I spent the drive home thinking about why I'd insisted on this. On bringing my five-month-old to a professional photoshoot. On building a maternity fashion company while existing in the thick of early motherhood.

The answer isn't clean or inspirational. It's practical.

I built ETAPE because I know what it feels like to be pregnant. To have your body change in ways you didn't anticipate. To want clothes that fit and feel like you—not soft, not apologetic, not designed to make you smaller. Clothes that let you take up space exactly as you are.

I'm building ETAPE because I'm living it right now. Not as memory, not as research, but as the lived daily reality of being a woman with a body that has changed, that continues to change.

Having Robin at that shoot wasn't a photo opportunity for my brand. It was the opposite: it was the thing that grounds this brand in something true. In the actual messy, difficult, real experience of being a mother and a founder and a woman with a body.

The Day Landed

The images from that shoot were beautiful. The pieces worked. The vision held.

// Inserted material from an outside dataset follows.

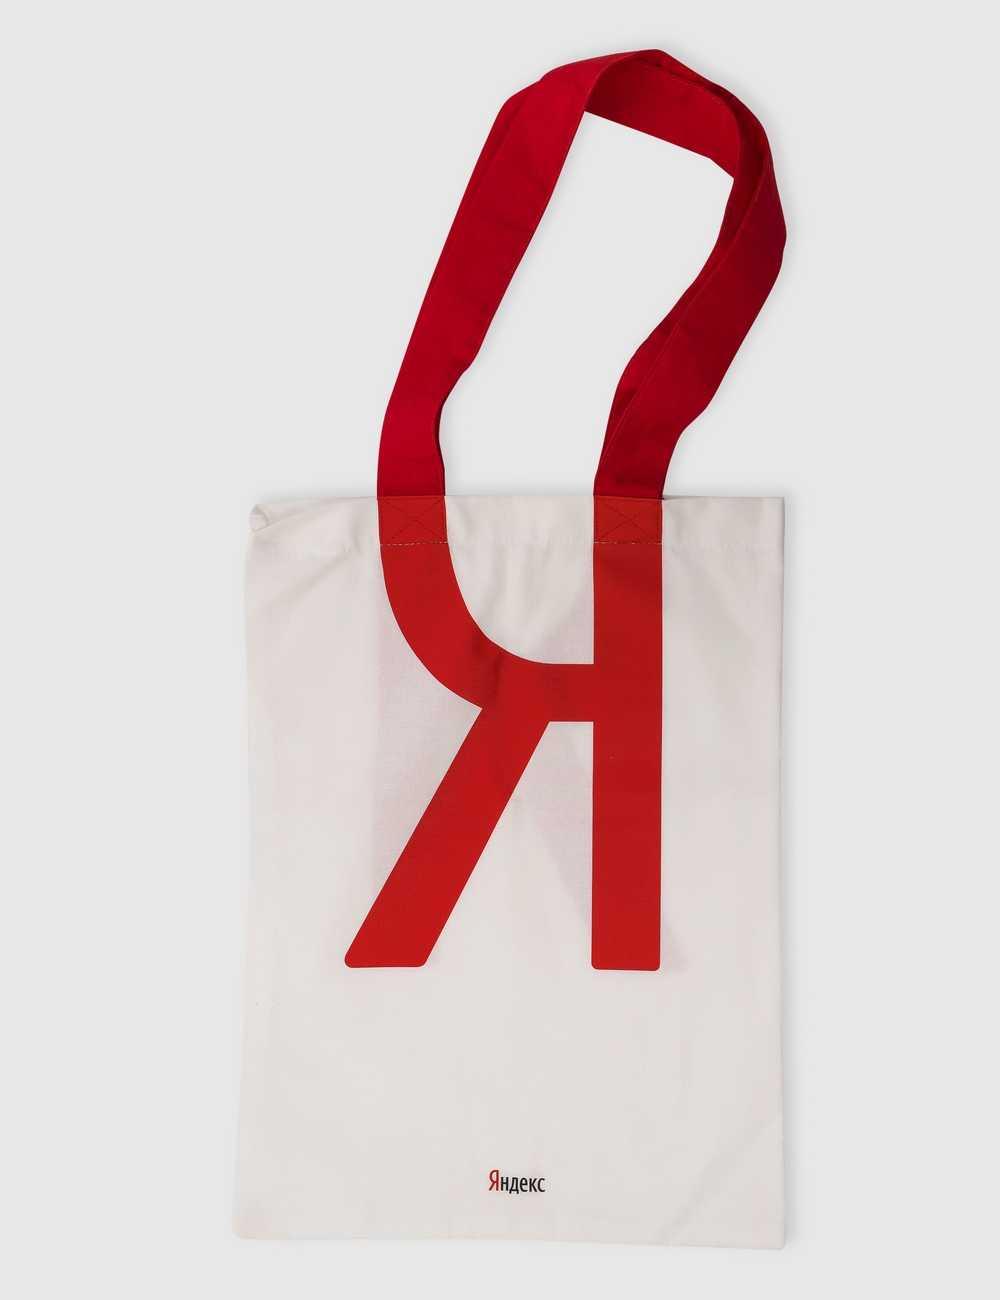 Рекламные промо сумки с логотипом

But what stayed with me wasn't the photos. It was the moment around hour six when I was breastfeeding Robin in the corner while the crew reset the set, and my mother-in-law was steaming a wrinkled piece, and the photographer was checking light meters, and everyone was moving with this quiet, competent grace.

We were all doing our jobs. I was doing mine. So was my five-month-old.

Building a brand is hard. Building it while being a new mother is harder. Building it while being a new mother and believing in what you're building enough to bring your kid to the photoshoot—that's the actual work.

No compromise made.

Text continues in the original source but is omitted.